Sleep, adequate and consistent sleep, is a productivity and overall health essential. Better sleep leads to better productivity. Less sleep leads to lower levels of productivity. The more tired you are, the less energy you have to put toward getting your work done. Now that makes much more logical sense, doesn’t it?


Sleep. Even when you don’t feel tired; even when you don’t think you have enough time, or are somehow not going to be able to get as much done because of it. The best thing you can do for yourself is set a sleep and wake time and stick to that schedule, especially in the beginning. This is how you can make sure you are going to get enough sleep in order to be more productive throughout the day.


4. Skipping the gym


This is probably the habit most of us are guilty of out of all the items on this list. You don’t have time to work out, so you simply don’t. Why spend 30 minutes walking on a treadmill when you could spend that time answering emails or making phone calls? You’ll exercise tomorrow. Or the next day. Or the next day.


Regular exercise – 150 minutes or more of moderate physical activity each week – has been shown to improve mental health, boost energy, make us more alert and help prevent physical illness. Even though you might think giving up exercise makes you more productive, you would probably have much more energy and motivation if you spent just a little time increasing your heart rate.

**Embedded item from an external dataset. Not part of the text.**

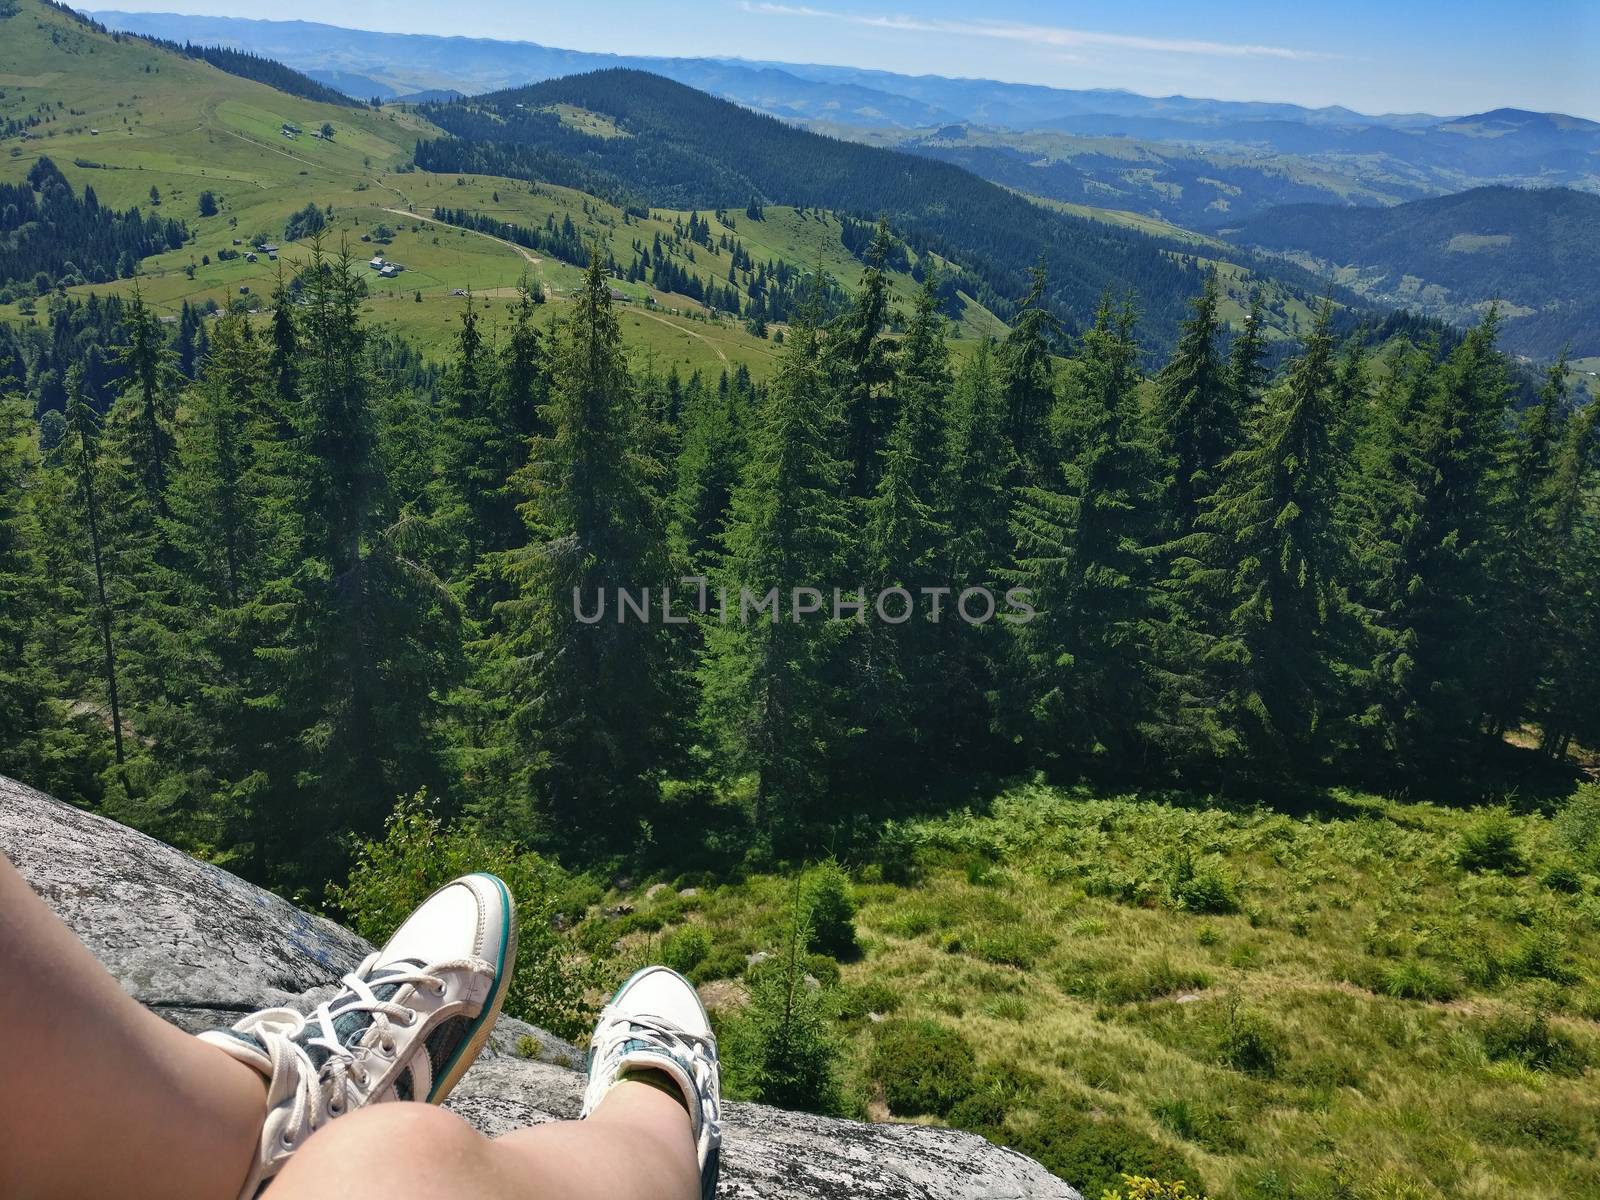 Legs of traveler sitting on a high mountain top in travel. Freedom concept

5. Doing less important tasks first


One reason many of us end up procrastinating and messing up our productivity is because there are things on our to do lists we are desperately trying to avoid. Even when we finally do sit down and start working, we often fall into the habit of picking out less important things to do first simply because they seem easier or less cringe worthy.


Find the task on your to do list you are dreading the most, likely the most important thing, and tackle that first. It will seem hard and unpleasant at first, but in reality, you are doing yourself a favor. If you get the most important task out of the way first, you will feel much less pressured and stressed to continue on and complete more tasks.


If you are a list maker or you use a to do list app, order or number your tasks so that you can clearly see which things you absolutely need to get done first. You will feel energized and relieved after finishing it, and will end up getting more done throughout the day because of it.


Kick those bad habits, replace them with better ones and watch your productivity levels skyrocket.